Robertson has predicted future homosexuality-caused disasters. After Disney World hosted a Gay Day in 1998, he warned that God would exact his revenge for the gayness through “hurricanes, earthquakes, tornadoes, terrorist bombs and possibly a meteor.” That year, no hurricanes hit Disney World, but, as a cheeky Wikipedia editor pointed out, one did hit Virginia Beach, which is where Robertson’s The 700 Club started.

Robertson believes that the American God is keen on doling out punishment in the form of hurricanes and other things.
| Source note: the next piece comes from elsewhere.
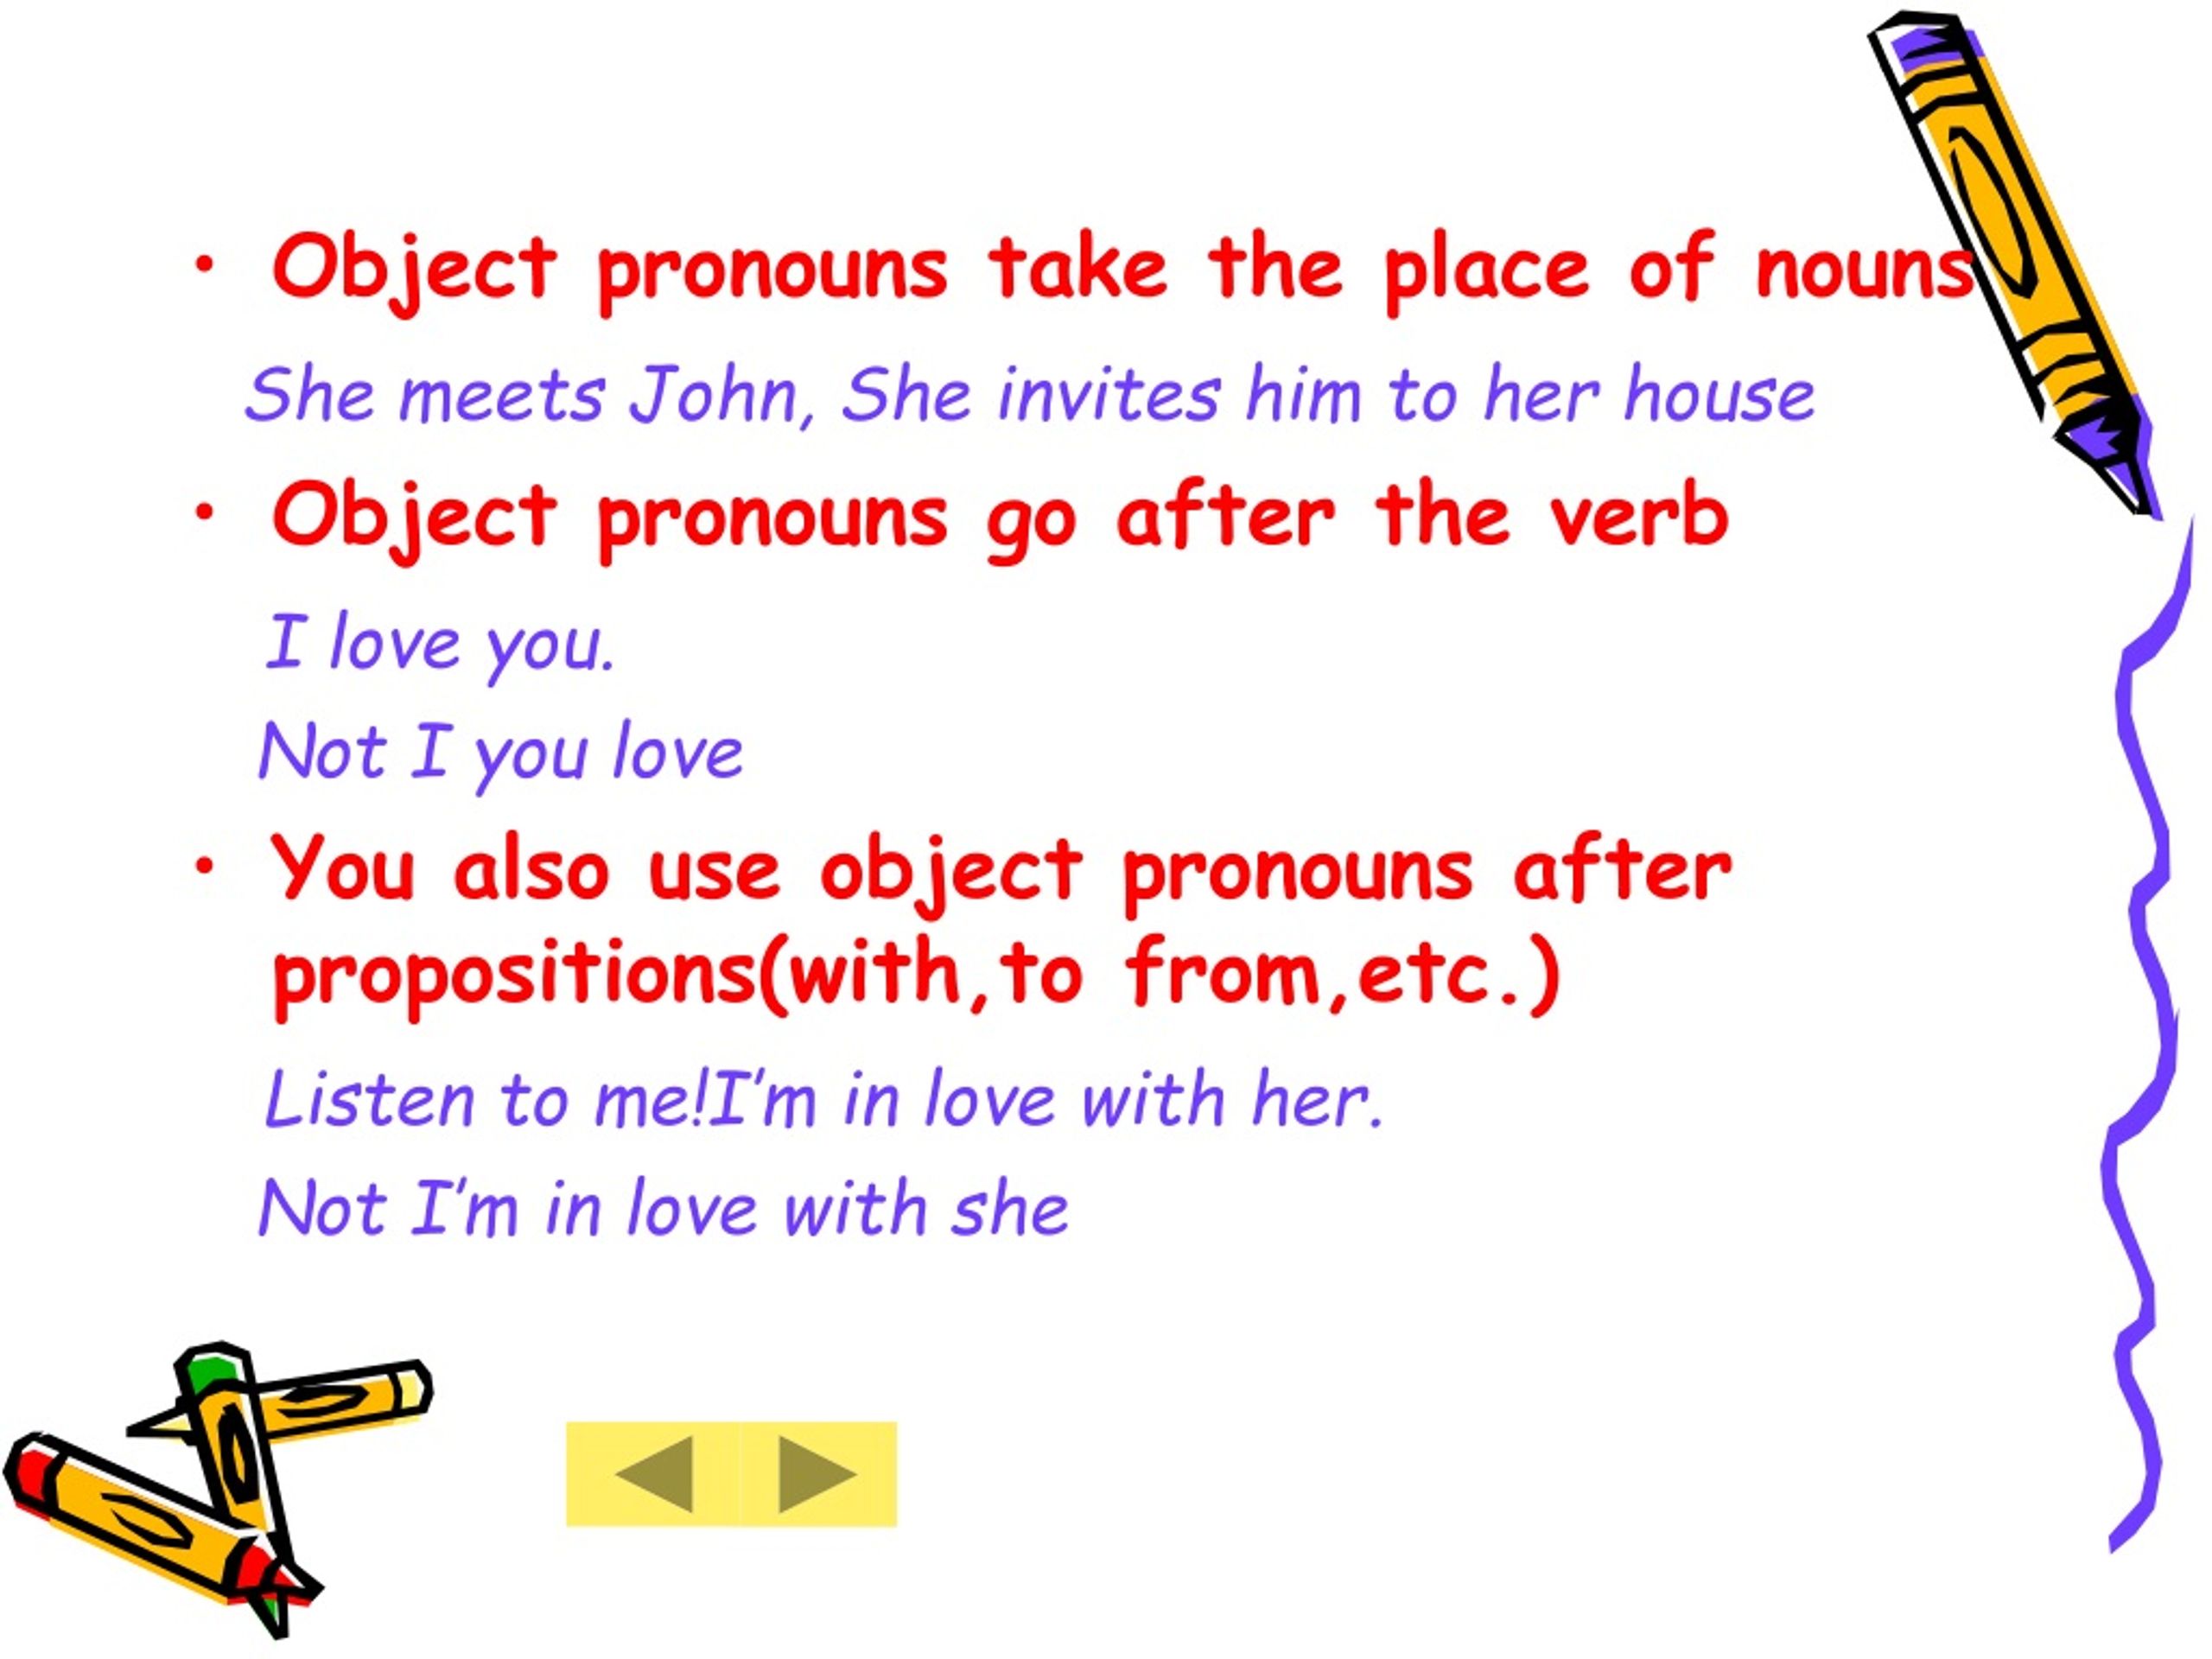 Object перевод на русский. Объектные местоимения упражнения. Object pronouns правило. Subject pronouns в английском языке. Subject and object pronouns правило.

He said former Israeli Prime Minister Ariel Sharon’s stroke was divine punishment for ordering his country’s withdrawal from Gaza in 2005. The 2010 earthquake that devastated Haiti, Robertson claims, was caused by a Haitian pact with the devil.

He has predicted that the world would end in 1982 andin 2014... and in 2015. He said he knew for sure that then Senator Jay Rockefeller would be elected president in 1996, that then President Barack Obama would not win reelection in 2012, that God would start knocking off liberal Supreme Court justices in 2005, and that “mass killings” on American soil would take place in 2007.

And now he’s interviewing the President.

Maybe there’s a method to the madness of President Trump inviting one of America’s most illustrious spiritual charlatans into the White House for a serious sit-down.

Maybe Pat Robertson is the only person whose past statements can make the shoutings of Trump’s inner circle seem downright sane.